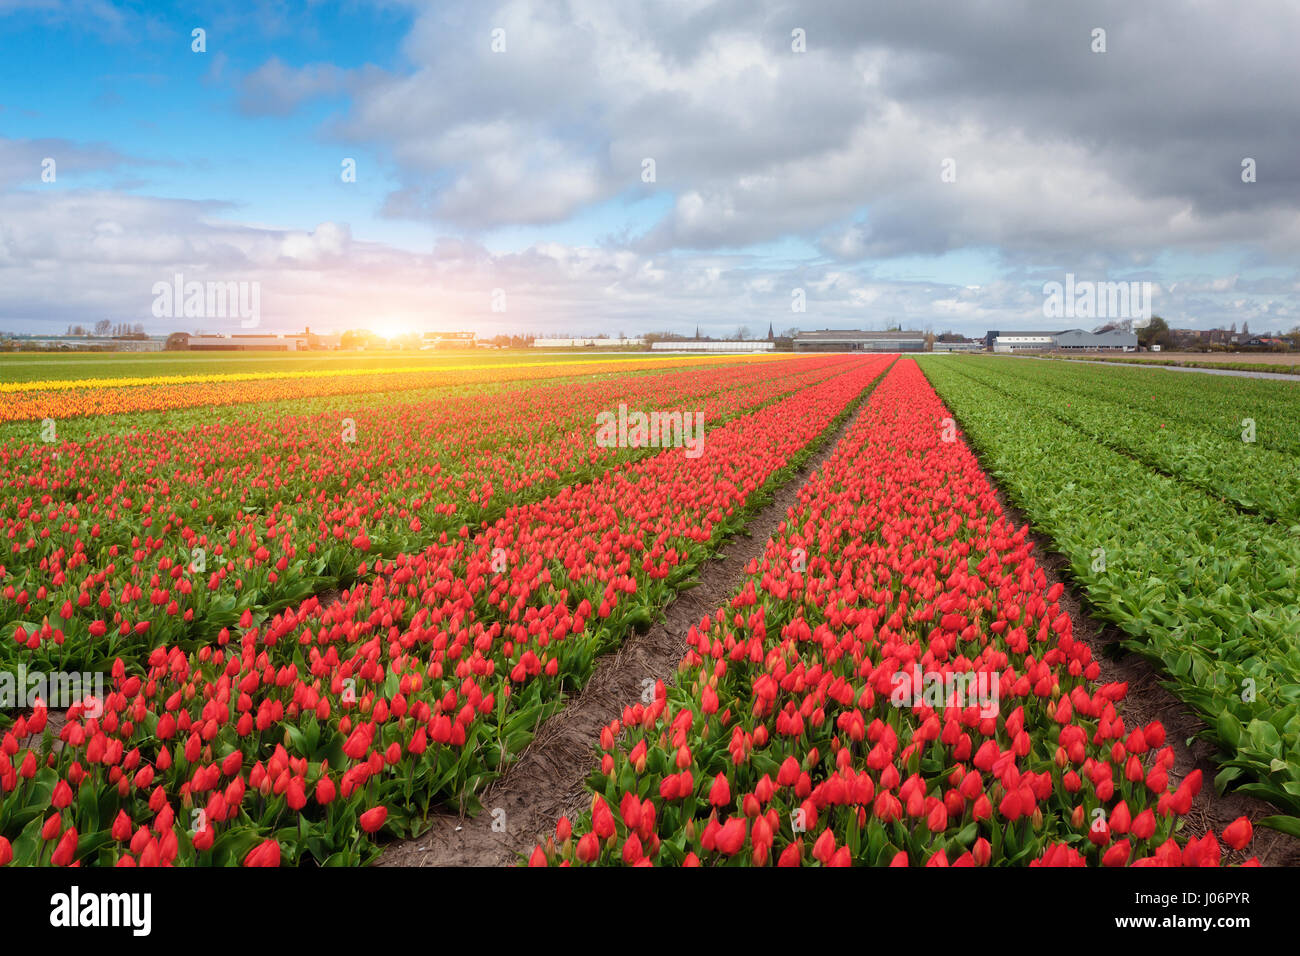 Tulpen. Blumen blühen. Reihen von blühende rote und gelbe Tulpen in einer niederländischen ländlichen Agrarlandschaft. Frühling-Szene auf dem Hof der Tulpe. Bunte Sonne Stockfoto
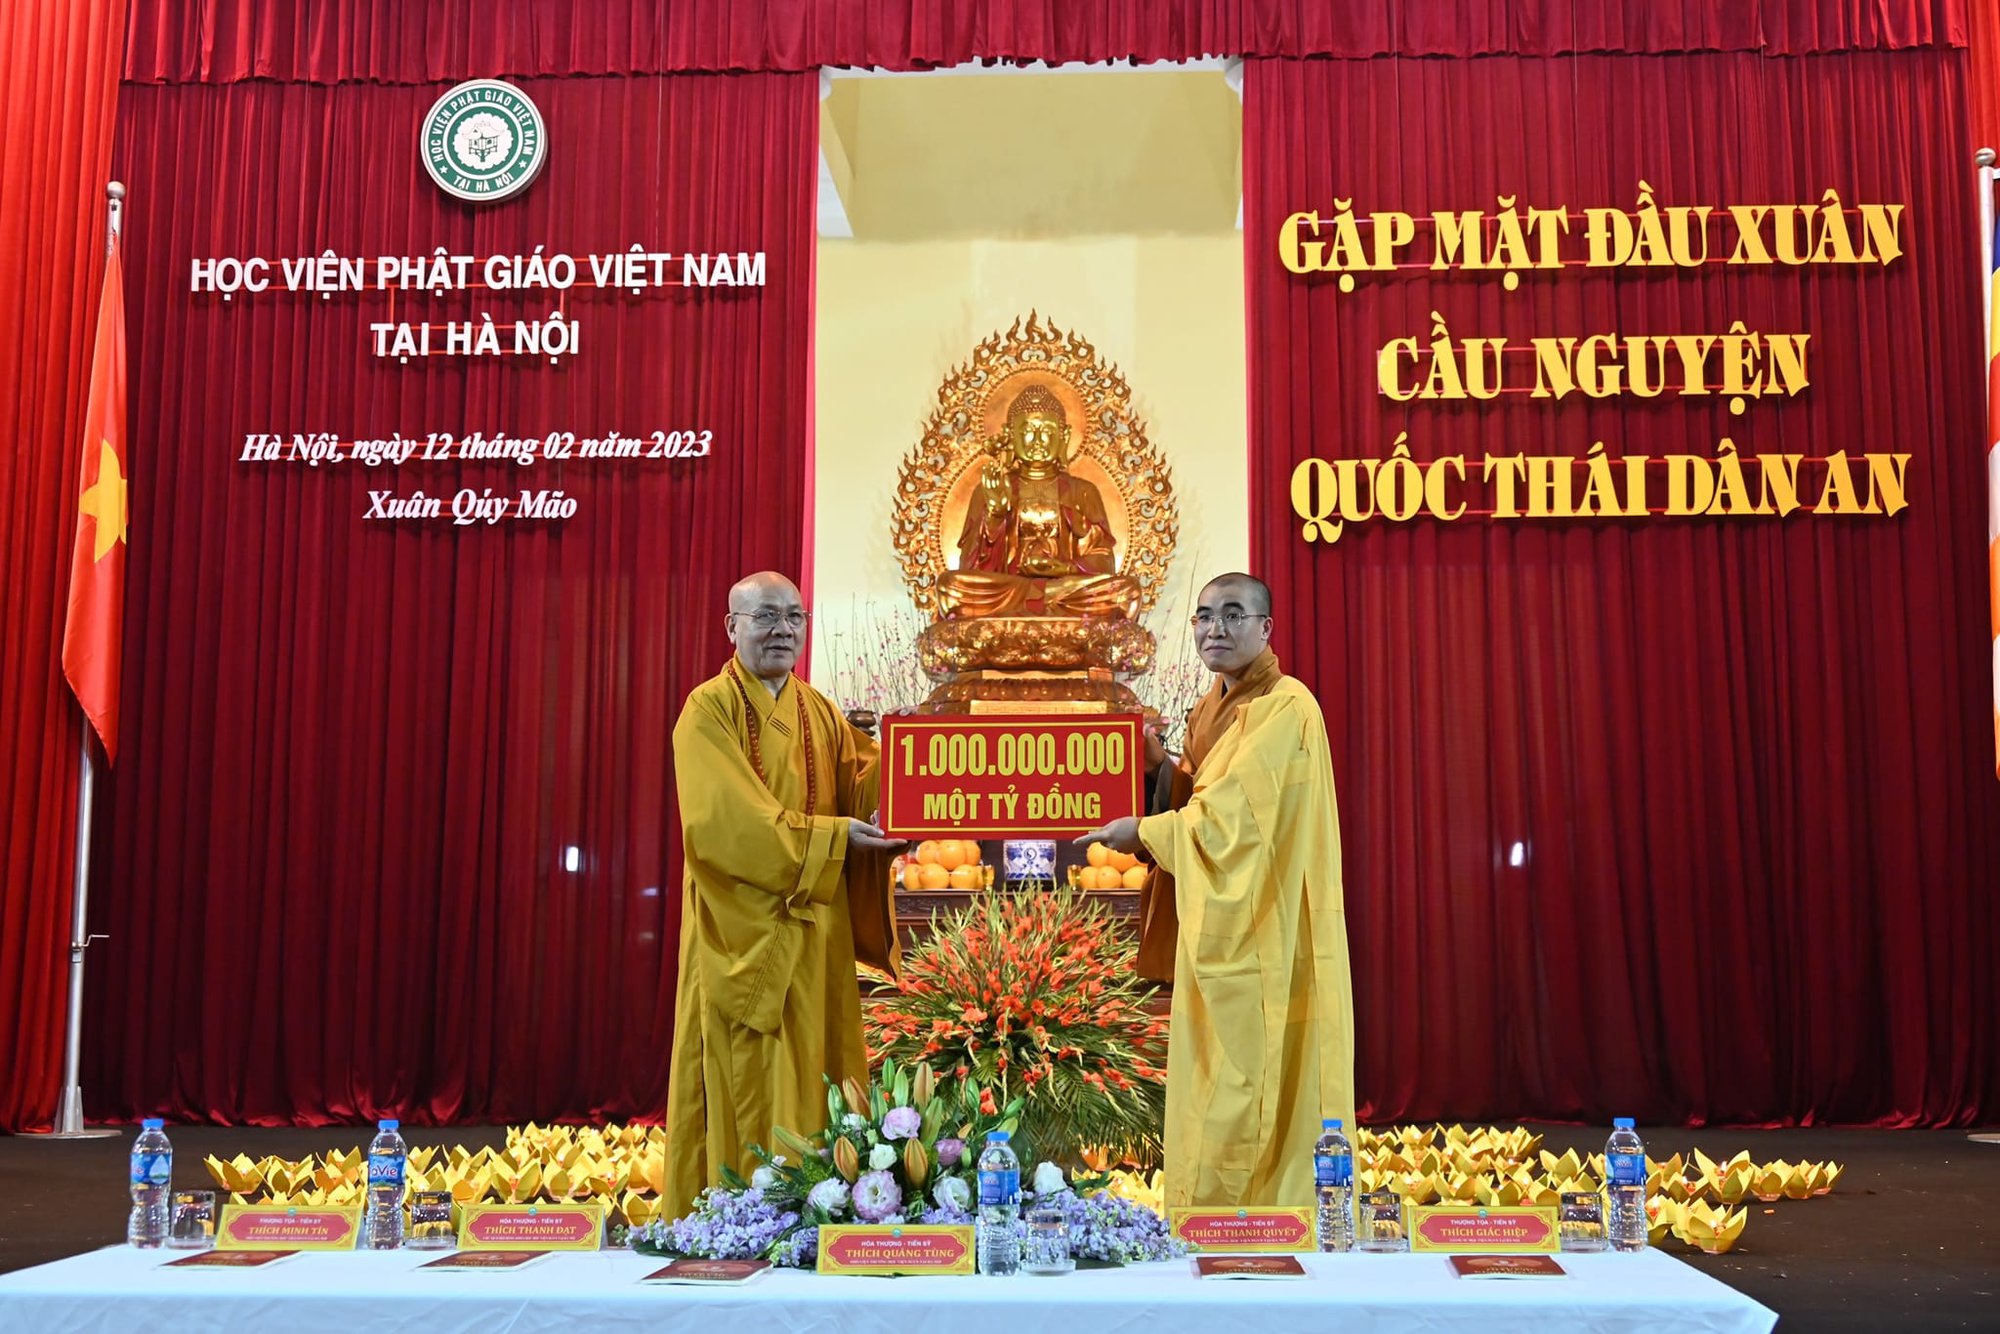 Chùa Ba Vàng cúng dường Học viện Phật giáo Việt Nam 1 tỉ đồng - Ảnh 1.
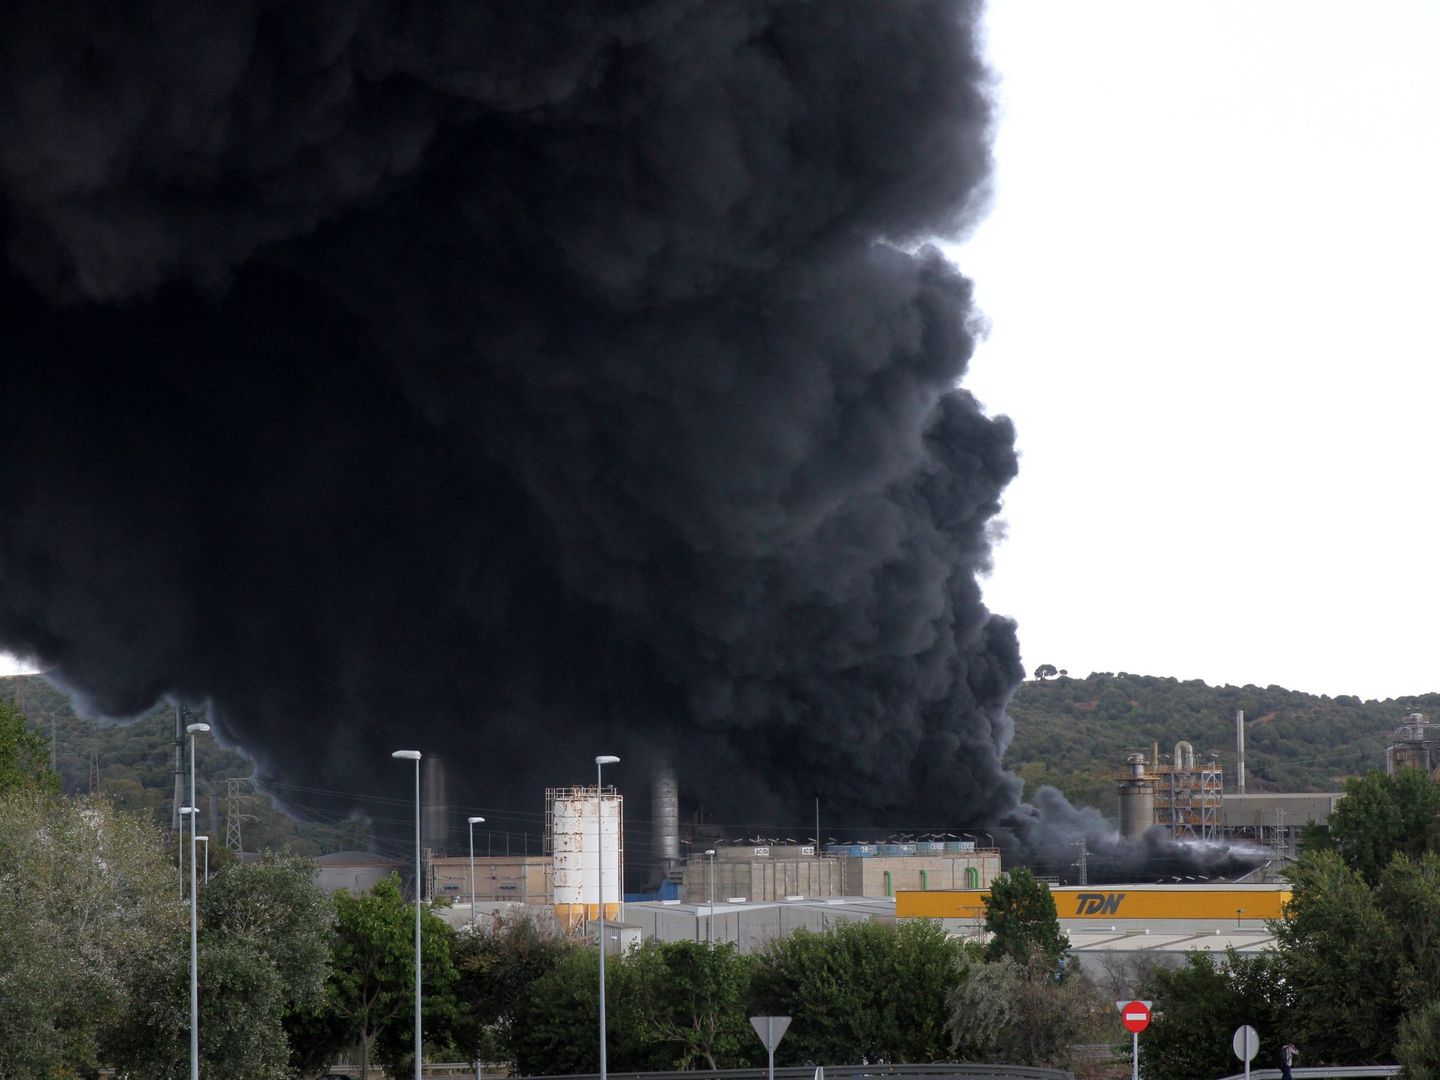 Columna de humo negro visible desde todo el arco de la bahía de Algeciras. (Efe)
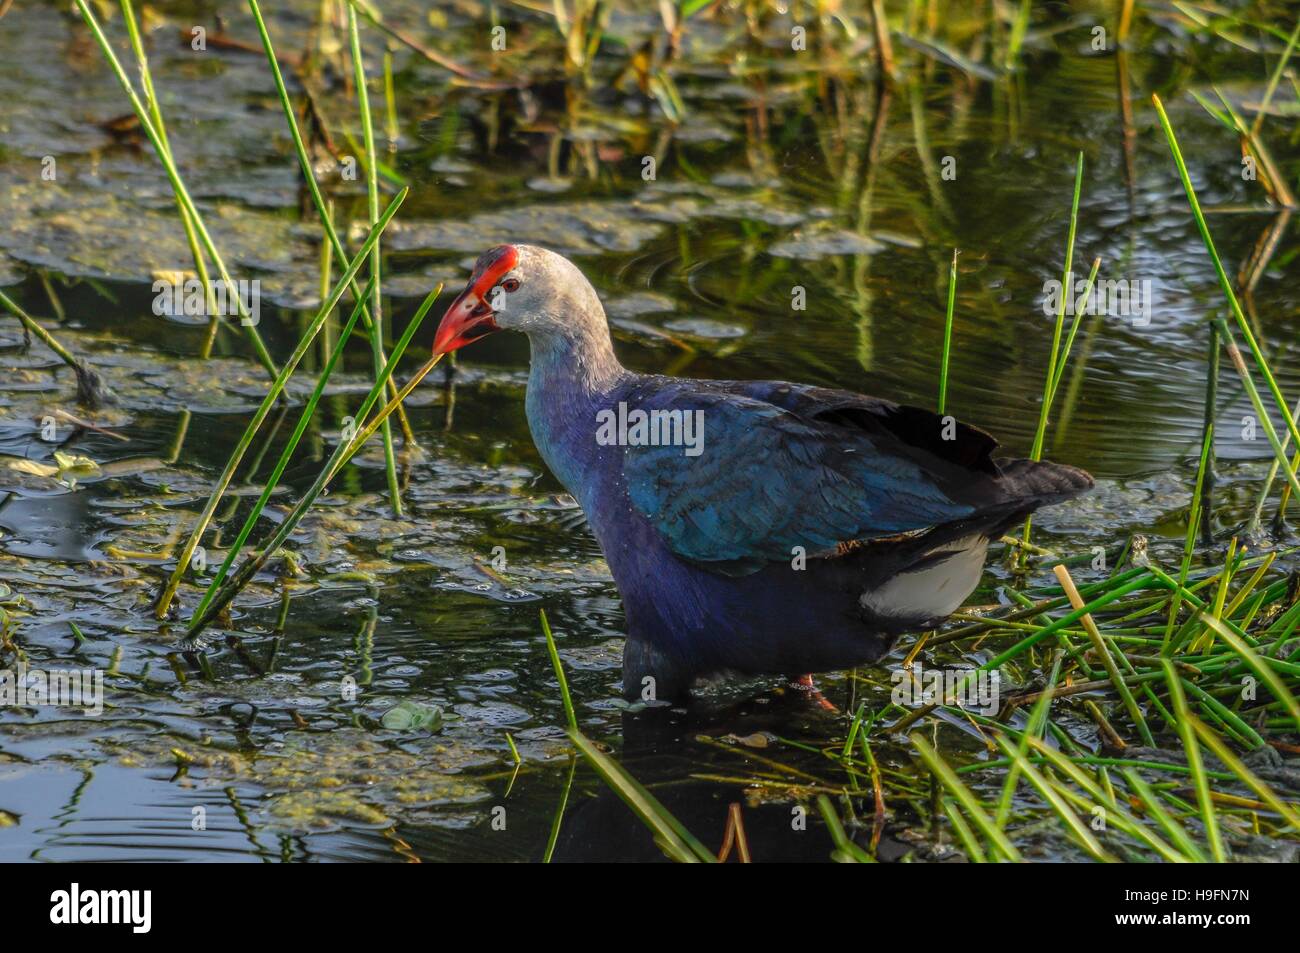 A testa grigia palude gallina a piedi in zone umide in Florida, Stati Uniti d'America. Foto Stock
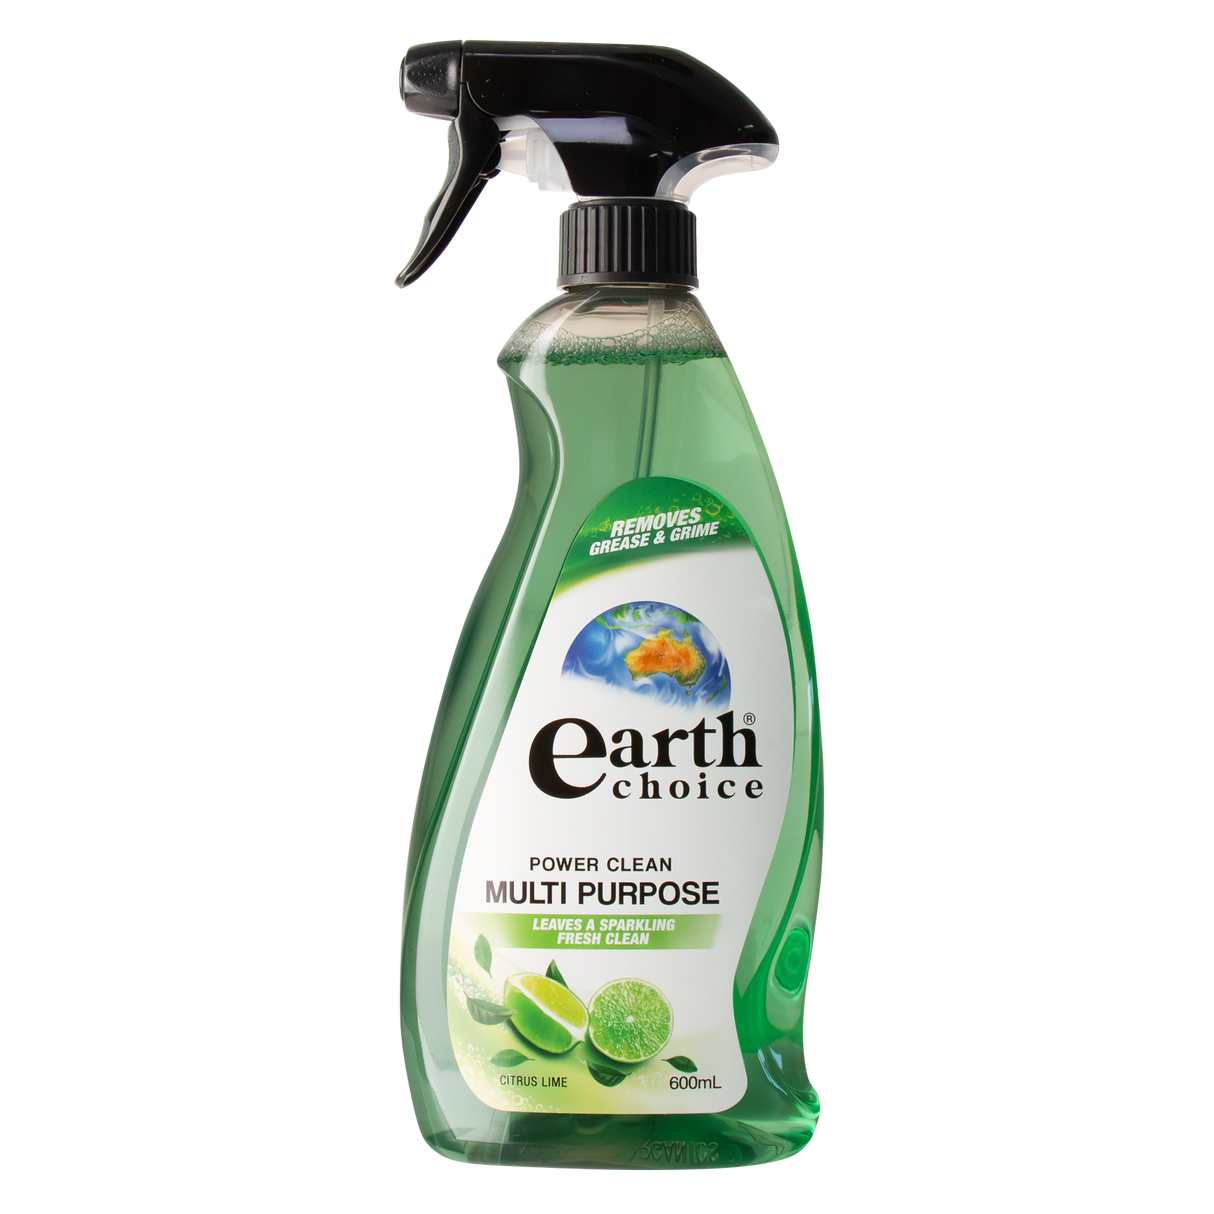 Earth Choice Multi Purpose Spray & Clean 600ml

[WHAT YOU HAVE TO DO]
Where an entry holds a picture, leave the picture out and output the rest exactly.

[ANSWER BOX]
 Tulpen. Blumen blühen. Reihen von blühende rote und gelbe Tulpen in einer niederländischen ländlichen Agrarlandschaft. Frühling-Szene auf dem Hof der Tulpe. Bunte Sonne Stockfoto
 Chùa Ba Vàng cúng dường Học viện Phật giáo Việt Nam 1 tỉ đồng - Ảnh 1.
 Columna de humo negro visible desde todo el arco de la bahía de Algeciras. (Efe)
 A testa grigia palude gallina a piedi in zone umide in Florida, Stati Uniti d'America. Foto Stock
 Earth Choice Multi Purpose Spray & Clean 600ml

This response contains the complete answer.